About the Founder of the Research Library: Jeanne X. Kasperson
Jeanne X. Kasperson earned a master's degree in English from The University of Chicago in 1962
and a master's degree in library science from Simmons College in 1967. After working in academic
libraries at The University of Chicago, the University of Connecticut, and Michigan State
University, she joined Clark in 1977 as a Research Librarian for the Hazard Assessment Group
and subsequently served as Research Librarian for the University's Center for Technology,
Environment, and Development, and later the George Perkins Marsh Library. For the years 2000-2002,
Professor Kasperson was on leave from Clark with her husband and Clark Professor Roger
Kasperson, conducting research at the Stockholm Environment Institute in Sweden.

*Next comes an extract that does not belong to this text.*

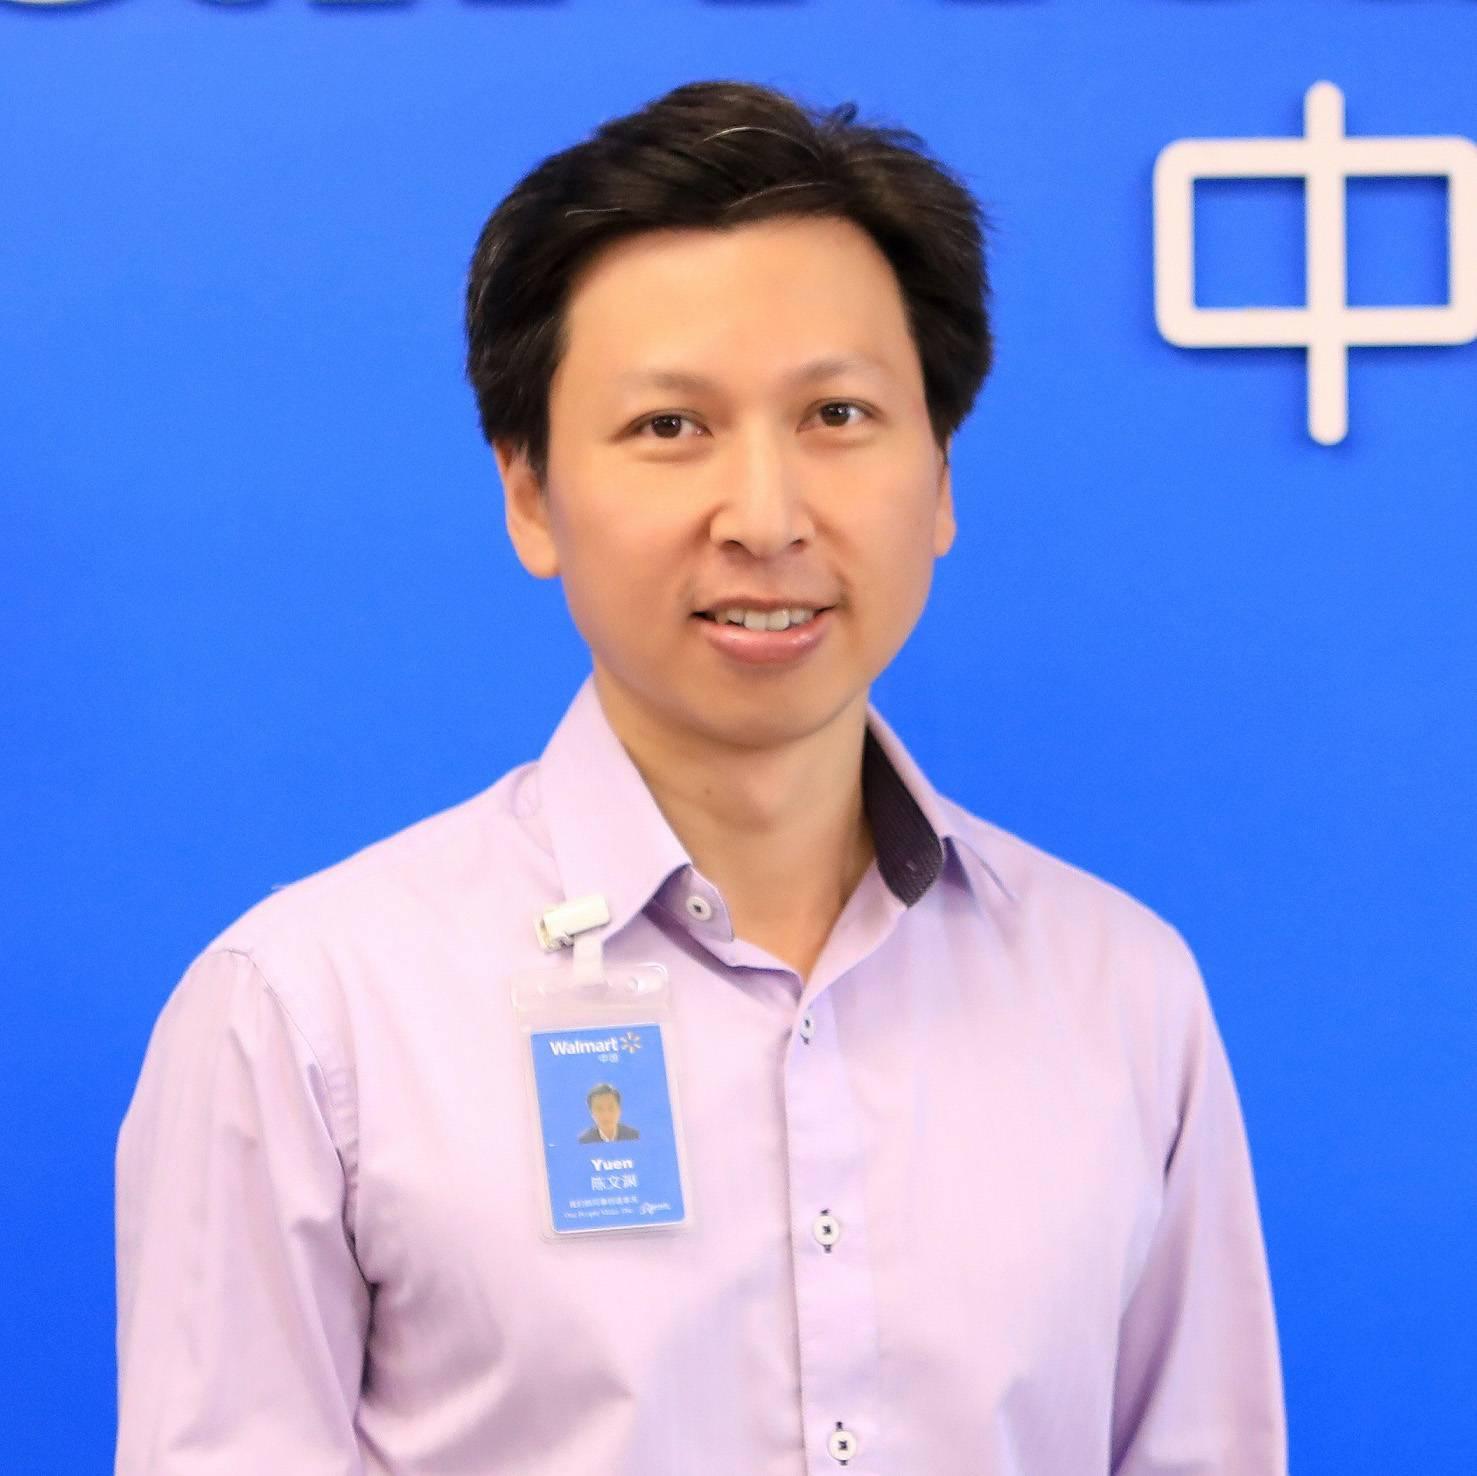 沃爾瑪中國 總裁兼首席執行官 陳文淵

Throughout her career, Professor Kasperson was also an active researcher, pursuing scholarly
interests in the general areas of risk analysis and global environmental change. In 1993, she
was promoted to research associate professor in Clark's George Perkins Marsh Institute. She was
the author of more than 80 articles, books and technical reports, editor of several journals and
recipient of many research grants. She is also recognized by her colleagues as a key contributor
to much of the research undertaken by the George Perkins Marsh Institute. She was co-editor of
the Nature and Society section of the Annals of the Association of American Geographers
with Roger Kasperson. Professor Kasperson was particularly fond of words and tracking down
information that others believed could not be found, leading some colleagues to believe that
when she walked through the library "books talked to her."

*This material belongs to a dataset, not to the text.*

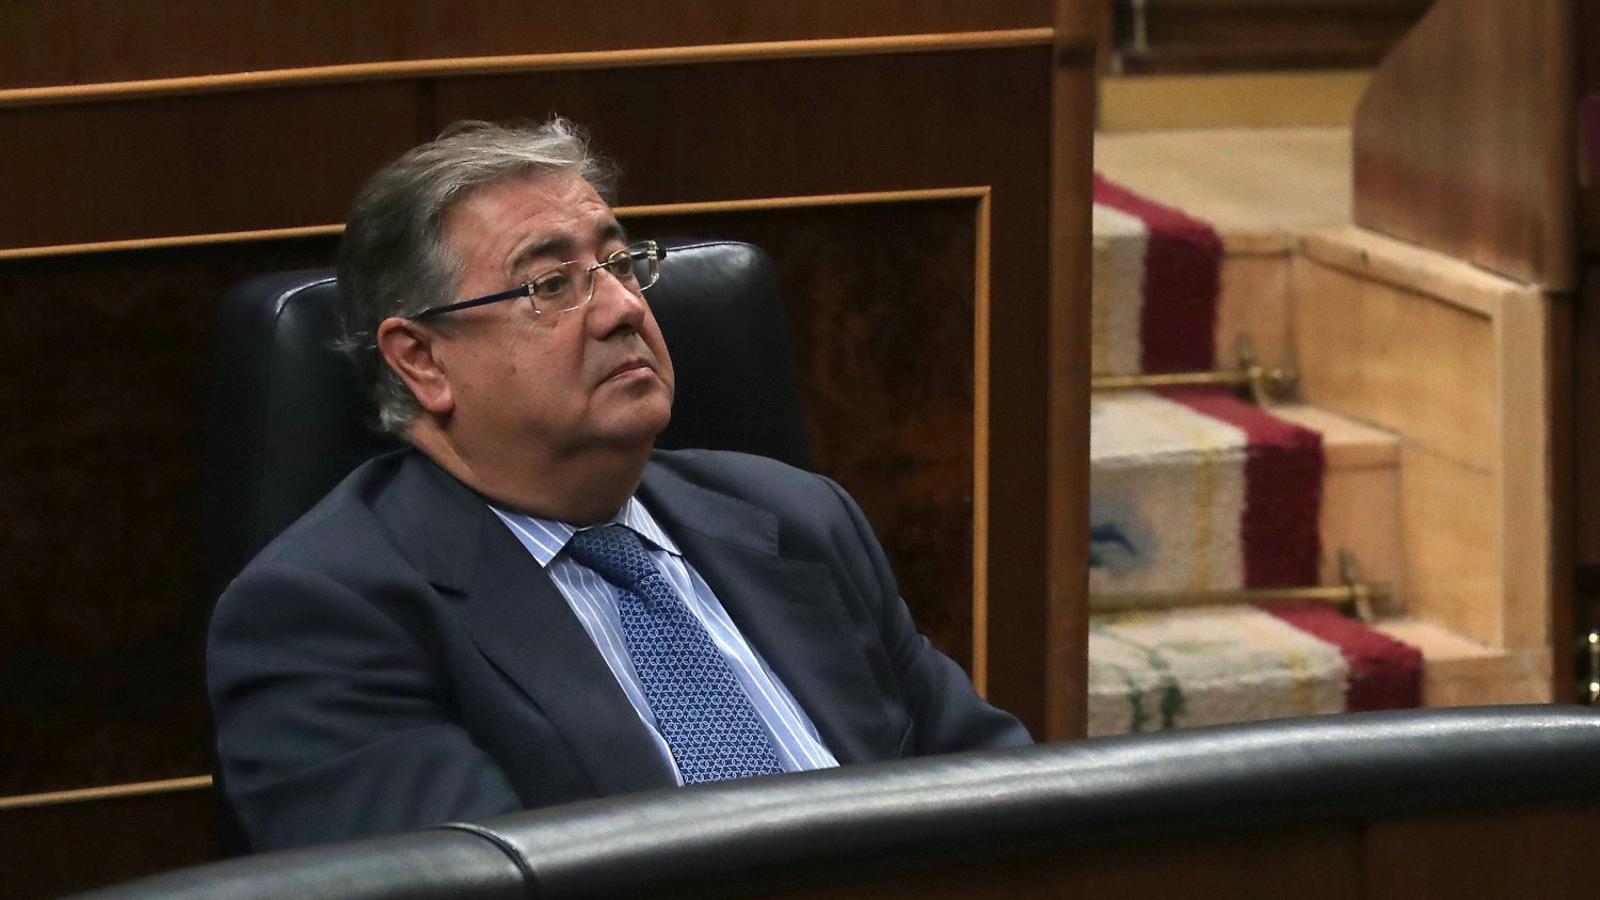 El ministre de l'Interior, Juan Ignacio Zoido, al seu escó del Congrés.

Jeanne X. Kasperson was a key member of a highly productive research group at Clark University,
first at the Center for Technology, Environment, and Development (CENTED) and later in its
successor the George Perkins Marsh Institute. This group worked primarily on risk and hazard
issues and later on global environmental change. Jeanne's role was a combination of researcher,
bibliographer, and repository of deep knowledge on the relevant literature, and writer and
editor.
Her publications have a prominent place in risk/hazards and global change research.
Her early research with other group members focused on hazards theory and methodology,
substantially extending the earlier natural hazards paradigm. Perilous Progress: Managing
the Hazards of Technology, published in 1985, summarized theoretical work and case study
applications. Subsequent assessments with Robert Kates profiled the state of hazards research
in the mid-1980s. In the latter part of the same decade, she co-authored a series of works
addressing the "social amplification of risk," an integrated analytic approach addressing
how society processes and responds to the flow of hazards and hazard events. During the 1990s,
she collaborated with Roger Kasperson and Bill Turner on a comparative study of nine
environmentally endangered regions around the world, resulting in
Regions at Risk:
Comparisons of Threatened Environments
published in 1995 and a series of related regional monographs published over the next five years.
In 2001, she and Roger Kasperson published Global Environmental Risk, a work exploring the
use of risk analysis to understand global environmental change. A work is currently in
preparation collecting significant work of Jeanne and her husband Roger, which will be
published in 2003 by Earthscan Press.